Reverse-Transcription quantitative PCR

For quantitative RT-qPCR analysis we excluded samples with sucrase-isomaltase (SI) levels < 25 U/g protein, according to previously established guidelines25. Exon-intron boundary-spanning primers were designed using the Primer3 v.4.0 software and purchased from IDT. cDNA was synthesized from 1000 ng of total RNA using the High Capacity cDNA Reverse Transcription Kit (Life Technologies) and the provided random primers. Negative controls containing no reverse transcriptase were included. Each primer pair was optimized for robust and target-specific amplification. Following optimization, qPCR reactions were carried out in duplicate on 96-well plates using a Mastercycler ep Realplex instrument (Eppendorf). A detailed list of RT-qPCR primers and conditions can be found in Supplementary Table 3. Raw fluorescence values were exported from the Realplex 2.0 software following each run. These were used to establish baseline fluorescence and to analyze the amplification curves with the LinRegPCR software60,61. Relative gene expression was quantified by normalization to two reference genes, GAPDH and ACTIN, using the model described in Pfaffl, Nucleic Acids Research62. We excluded samples that showed signs of inhibition of RT-qPCR during amplification of the reference genes. A pool of total RNA from adolescent male jejunum was used as a calibrator (H.jej.). The relative expression level of each target gene was calculated by taking into account the efficiency (E) of amplification, and the quantification cycle (Cq) deviation of the sample versus the calibrator, in comparison to the reference genes using the formula:

$${\rm{Relative}}\,{\rm{expression}}=\frac{{\rm{TargetGene}}\,{{\rm{E}}}^{(Cq(H.jej.)-Cq(sample))}}{{\rm{AvgRefGene}}\,{{\rm{E}}}^{(GeoMeanRefGeneCq(H.jej.)-GeoMeanRefGeneCq(sample))}}$$

Statistical analysis of RT-qPCR

Gene expression levels of all of the investigated genes were approximately normally distributed in our cohort (Supplementary Figure S1b). Co-expressions among the TFs were measured using Spearmans rank correlation.

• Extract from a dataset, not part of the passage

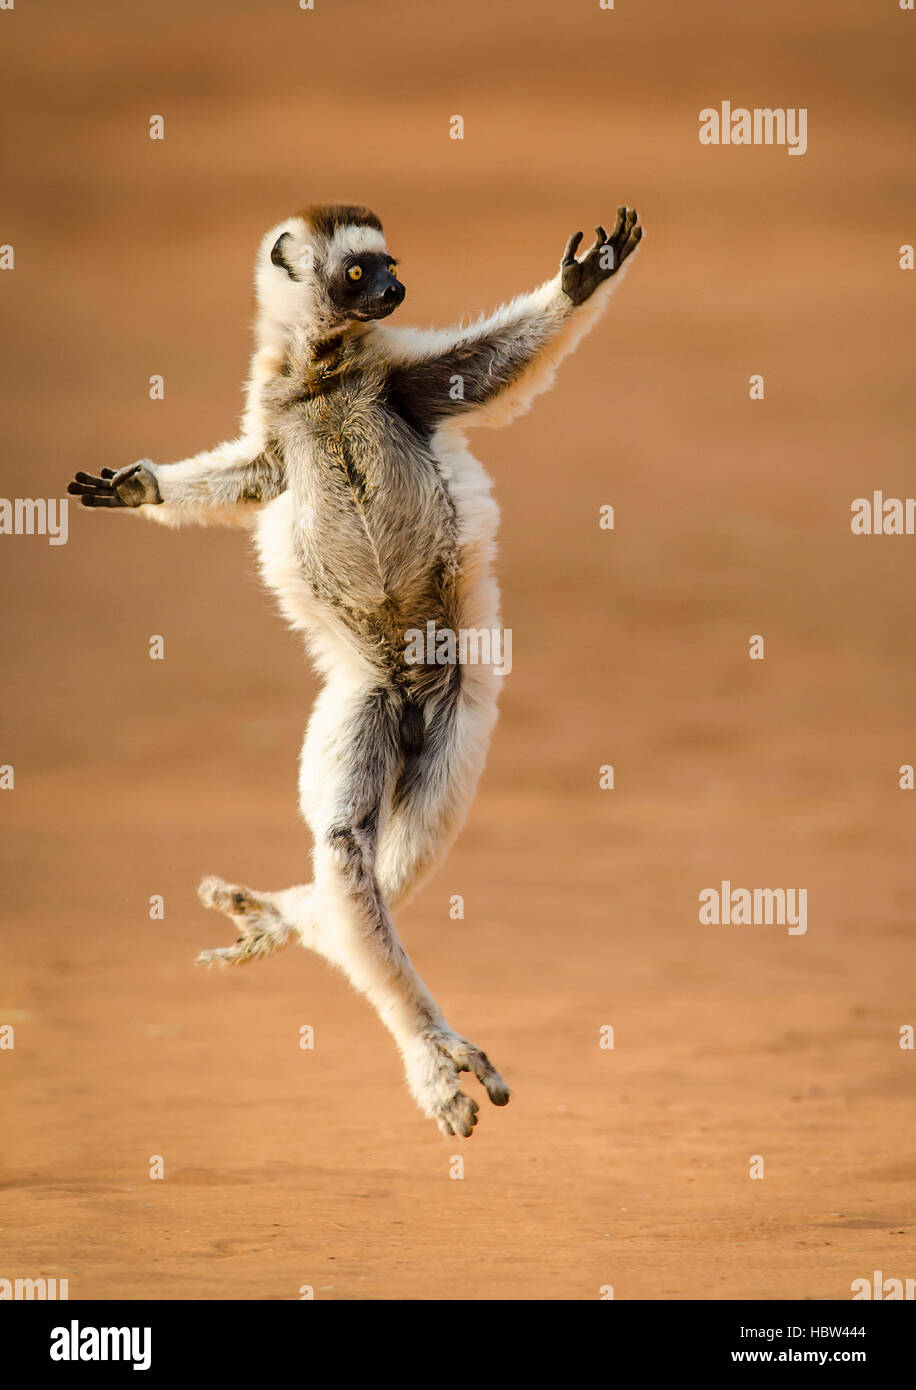 El baile de Verreaux (Propithecus verreauxi Sifaka) bailando Foto de stock
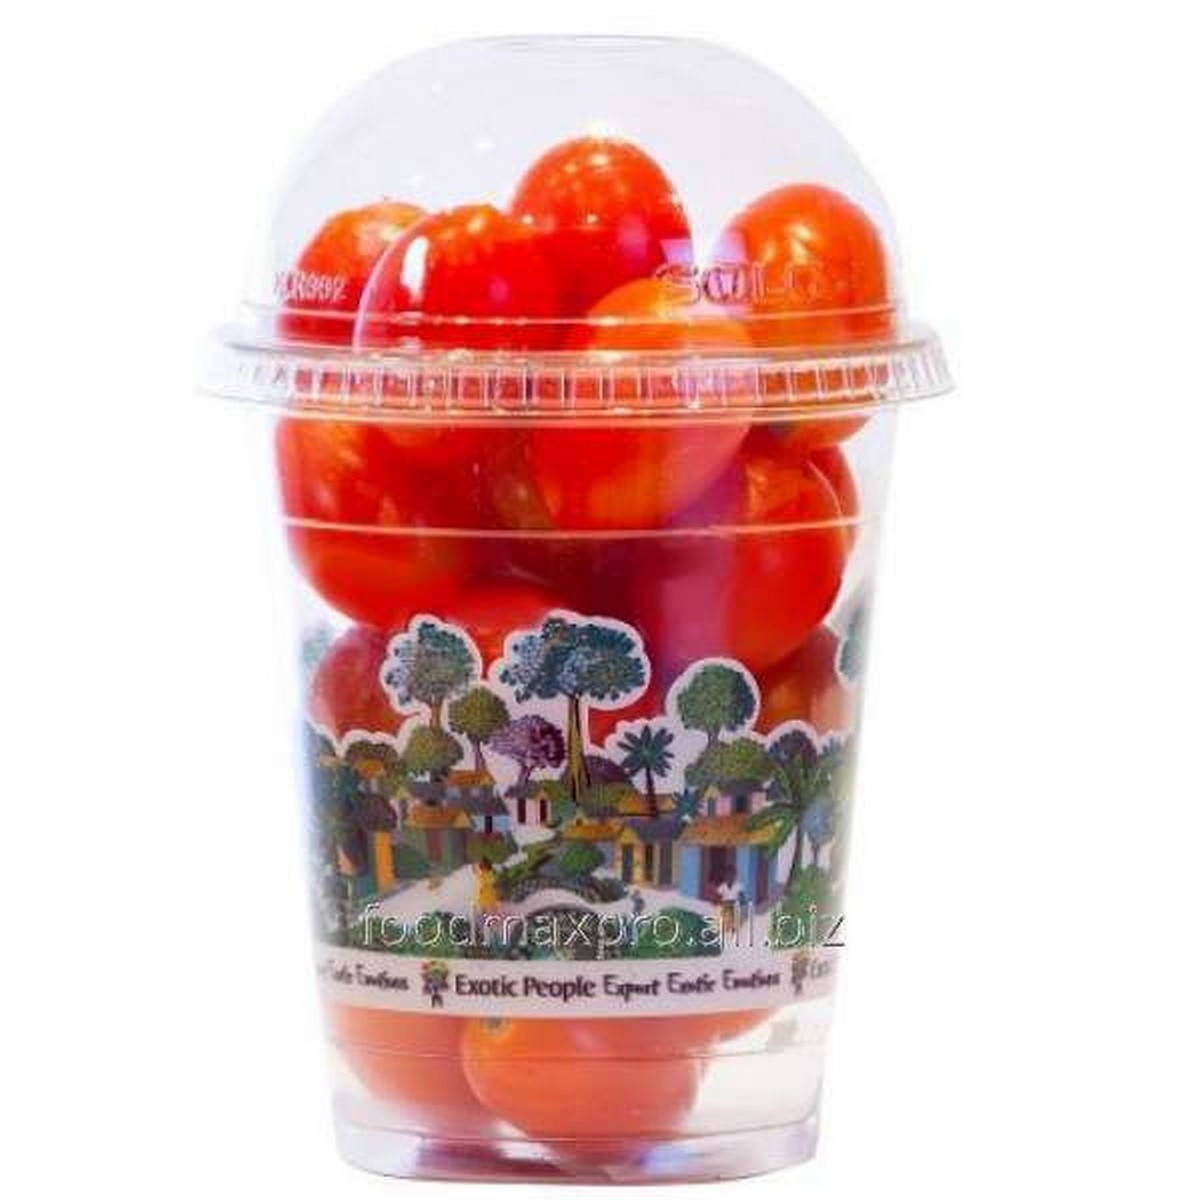 اشتري قم بشراء طماطم كرزية كوب 250 جم وزن تقريبي Online at Best Price من الموقع - من لولو هايبر ماركت Tomatoes في السعودية

Correlations between TF expression and continuous phenotypes were assessed using Pearson correlations, whereas associations with dichotomous or polytomous variables were analyzed using a t-test or one-way ANOVA, respectively. Linear models were used to assess the impact of adjustment for gender and age on the associations between TF expression, and both enzymatic activity and LCT expression. Statistical analysis was performed using R version 3.2.1 and data was visualized using ggplot2.